Currently under the Code, each parent is required to give consent to the adoption of a child unless the rights of the parent has been terminated, the child has been released for adoption to a child placing agency or the department, if other circumstances exist. Consent must also be given by the authorized representative of the DHS or of a child placing agency to whom the child has been released or permanently committed by an order of the family court. Under the bill, consent could be given by the MCI superintendent or the authorized designee of the department.
Senate Bill 893 would amend the Juvenile Code (MCL 712A.19c) to authorize the authorized designee of the DHS (in addition to the MCI superintendent) to grant consent to the appointment of a guardian for a child.
Under the code, if a child remains in placement following the termination of parental rights to the child, the family court must conduct review hearings and permanency planning hearings. The court may appoint a guardian for the child, if it determines that doing so is in the child's best interest. The court may not appoint a guardian without the MCI superintendent's written consent. Under the bill, the court could not appoint a guardian without the written consent of the superintendent or a designee.
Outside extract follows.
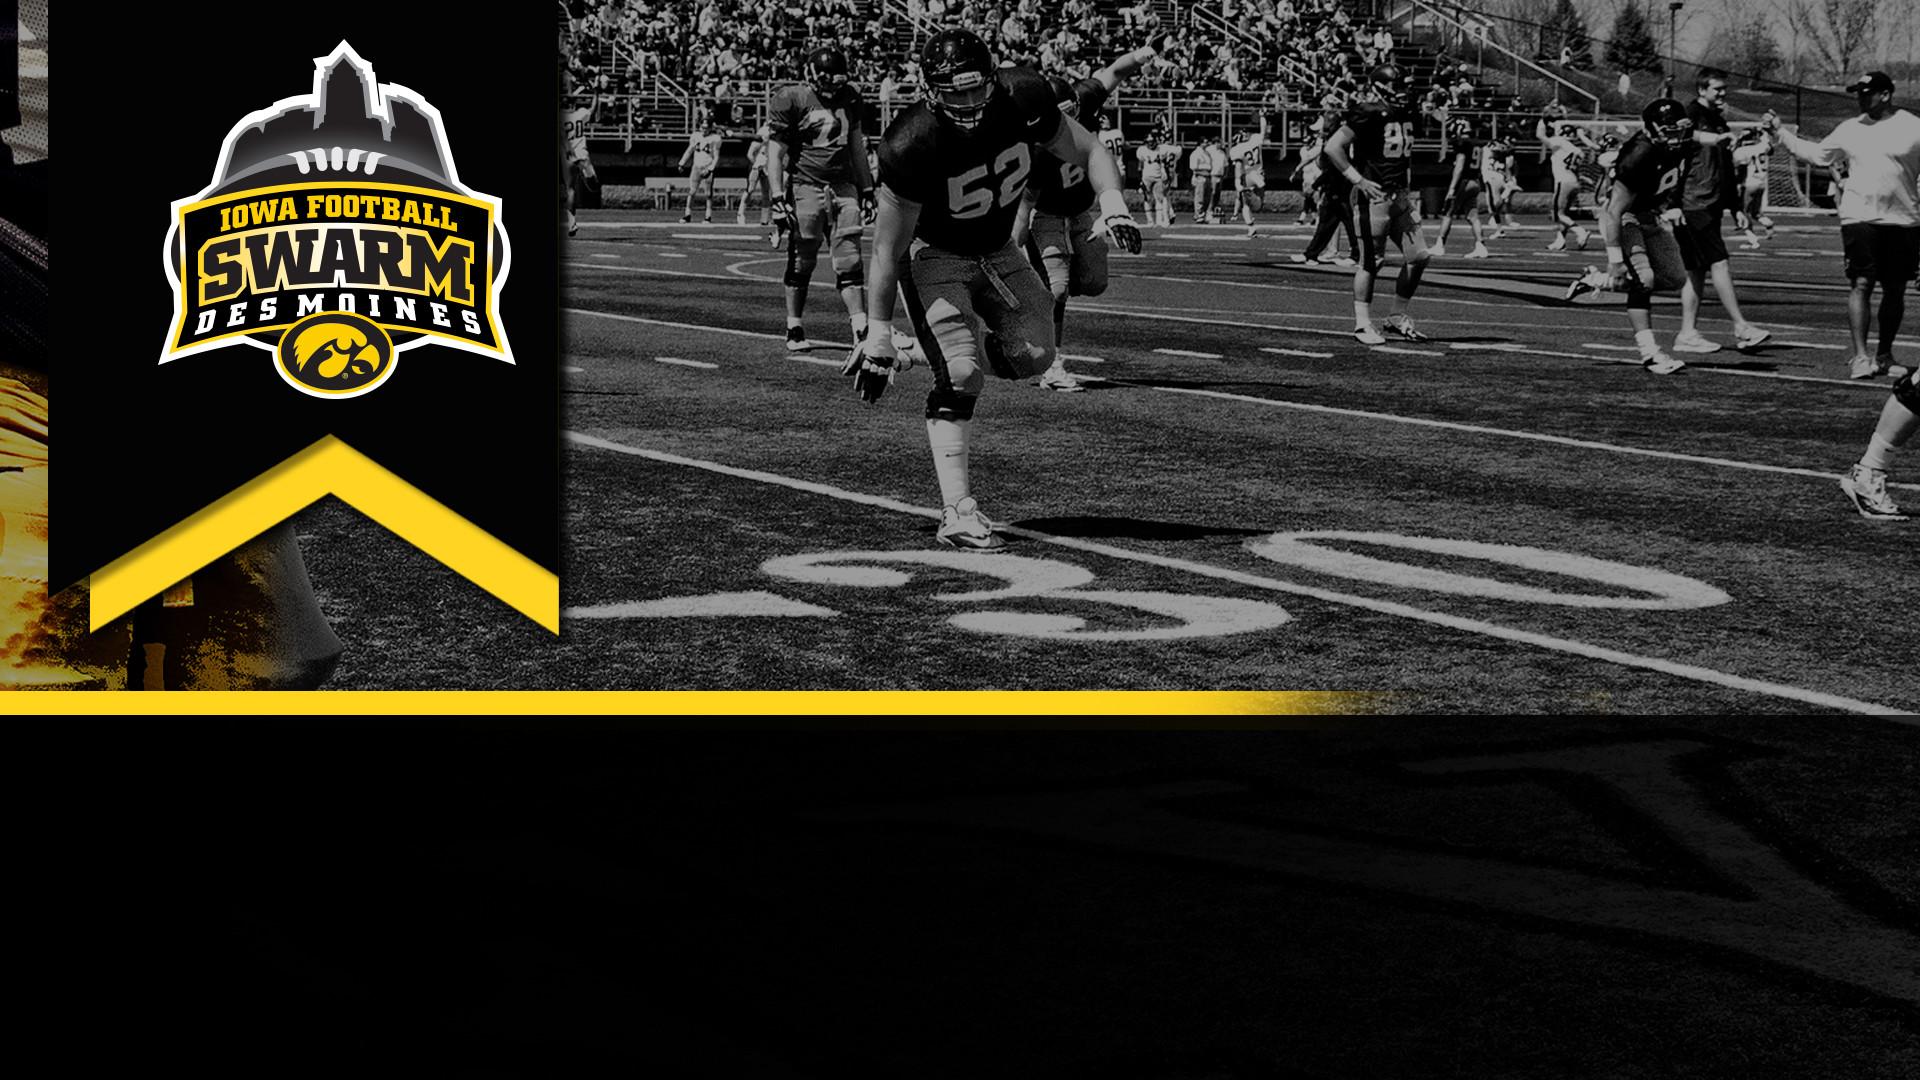 Iowa Football will Swarm Des Moines on April 7

The code requires the MCI superintendent to consult with the child's lawyer guardian ad litem when considering whether to grant consent. Under the bill, that requirement also would apply to the superintendent's designee.
ARGUMENTS:
For:
Supporters of the legislation testified that its intent is "to promote the timeliness of decision making leading to a permanent home for a child whose parental rights have been involuntarily terminated." Delay is currently a problem in the system. Allowing a designee to make decisions now made only by the MCI Superintendent will reduce the backlog of cases. Proponents also note, however, that approval for placement whether, through the Superintendent's consent to adopt or by approval for appointment of a guardianship, must be done with a careful and competent review by someone who has knowledge, experience, and background to assess and ensure that the placement is in the child's best interest. Substitute H-3 to Senate Bill 891 addresses this concern as it clarifies that the Superintendent's designee must have educational, experience and any other employment qualifications equal to or exceeding that required of the MCI Superintendent. Such a requirement maintains the quality and integrity of the process. Proponents say that the requirement that the designee be an employee of the department's Central Office maintains the objectivity and expertise of the review and consent process. They say this requirement maintains the "check and balance" that currently exists because it makes sure that a local county DHS office employee--who may have been directly involved with the case--cannot also be the designee.
Against:
Critics believe that the education and experience requirements are limiting because they narrow the selection ability of the MCI Superintendent. This would also likely increase the backlog of cases if an "educated" and "experienced" designee could not be appointed. The requirements in the bills run counter to the intent of the legislation.
POSITIONS:
Department of Human Services supports the bills (2-24-10)
Children's Law Section - State Bar testified in support of the bills (2-24-10)
Michigan County Social Services supports Senate Bill 891 with amendments. (2-24-10)
Fiscal Analyst: Kevin Koorstra
■ This analysis was prepared by nonpartisan House staff for use by House members in their deliberations, and does not constitute an official statement of legislative intent.